If you’ve studied queuing theory, industrial engineering, or Wallace Hopp’s and Mark Spearman’s Factory Physics (McGraw Hill, 2007), you know that 100-percent utilization of a resource is a recipe for long waits and lousy customer service. It’s a mathematically provable law of nature. Expecting to have 100-percent utilization of a machine in a factory means you’ll have lots of waiting time and lots of inventory (and/or poor customer response). Expecting 100-percent utilization in a call center means lots of busy signals or customer hold time.
Long story short, my wife and I took a vacation in June and American Airlines misplaced our suitcases for the first four days of the vacation. It’s hardly breaking news that airlines lose bags. My wife and I were more upset about:
• The finger-pointing that took place between American and Iberia airlines(our transfer was in Madrid)
• Failure to deliver on the promised response (American didn’t bring our bags to our hotel, as it had promised)
• The insincere “we care about you” form letter e-mails that American calls “personal communication”
So when we got back from vacation, we wrote a letter to American, complaining about the generally indifferent and surly service we encountered at every step of the journey. (Again, this isn’t a news flash. It’s more like a hack comedian complaining about bad airline food.)
An example of 100-percent utilization: American Airlines
Within about a week, I received a phone call from someone in the executive office of American Airlines. All right, that’s not bad. But I was on the phone for work, so she left a voice mail with her name and number. I called back later that day. No response.

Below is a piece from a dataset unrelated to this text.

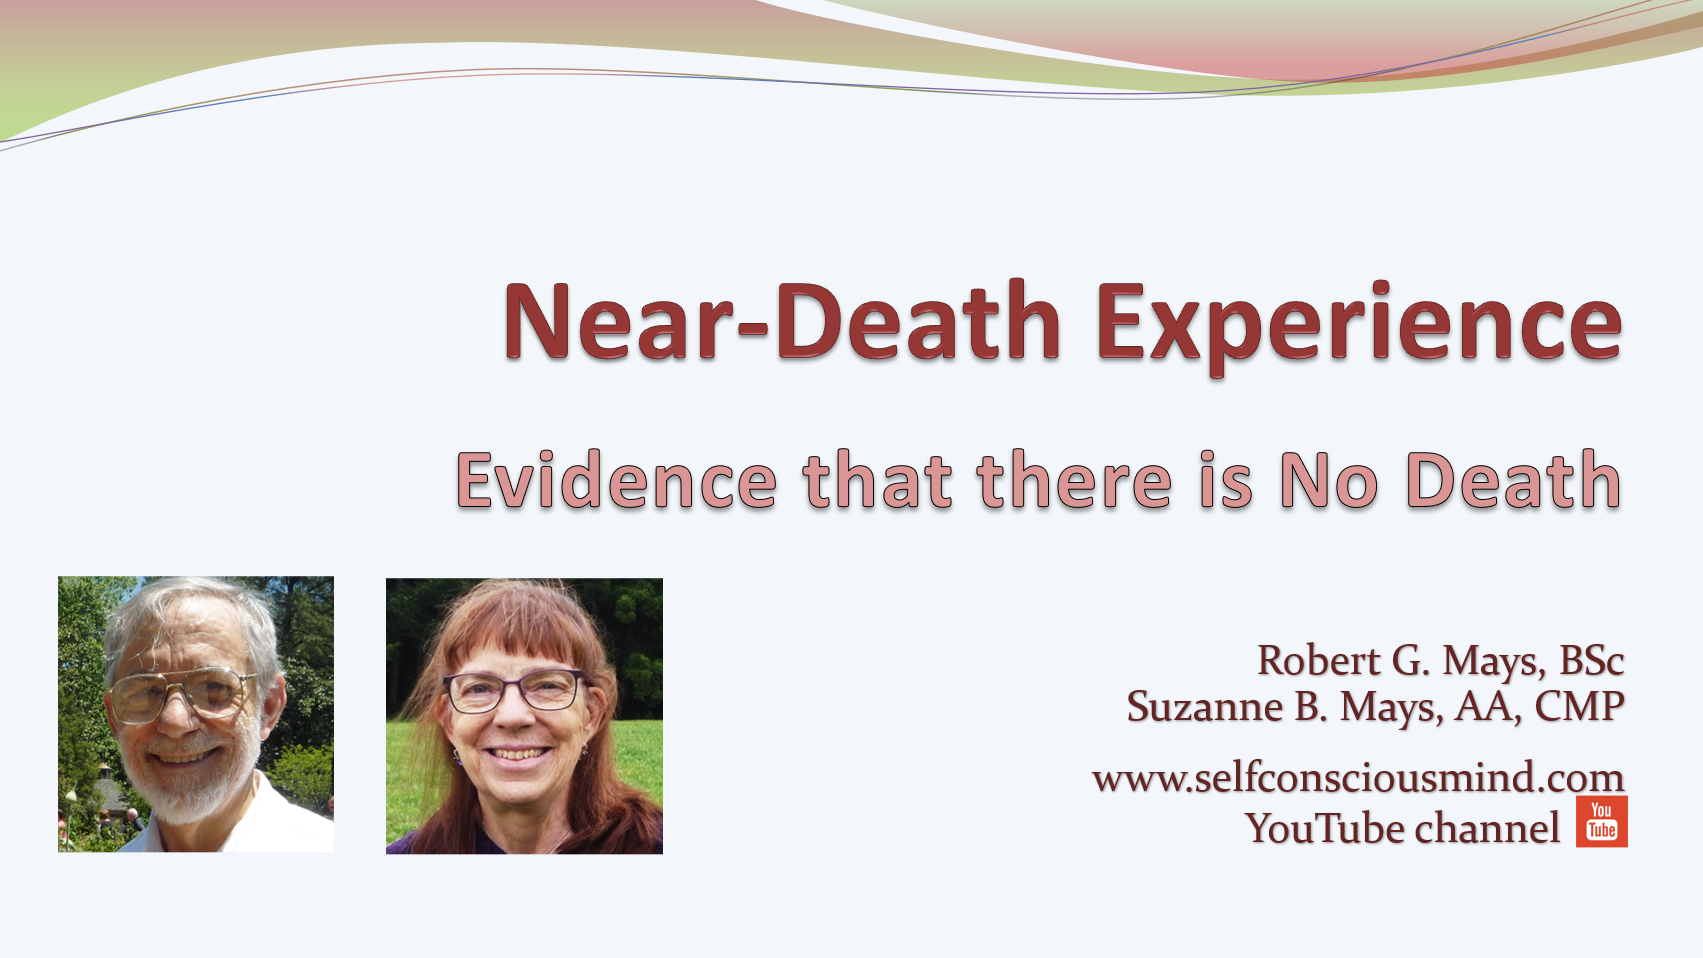 NDE Evidence There is No Death

I called back four or five times for two weeks and always got this person’s voice mail with the message, “I am already on the phone with another caller; please leave a message.”
Granted, it’s a limited sample, but is she busy making outbound apology calls all day long? Without being too obsessive and dialing nonstop, I find it hard to believe that somebody is so busy that she can’t return a call. Does she have time only for one attempt?
No amount of “we care” e-mails or “we received your letter and we care” postcards can gloss over the fact that American apparently doesn’t have enough capacity to deal with the number of complaints they receive. Instead of just hiring more reps, ultimately their goal should be to reduce customer complaints so fewer reps are needed. But that’s really pie-in-the-sky thinking for American and the other old legacy carriers.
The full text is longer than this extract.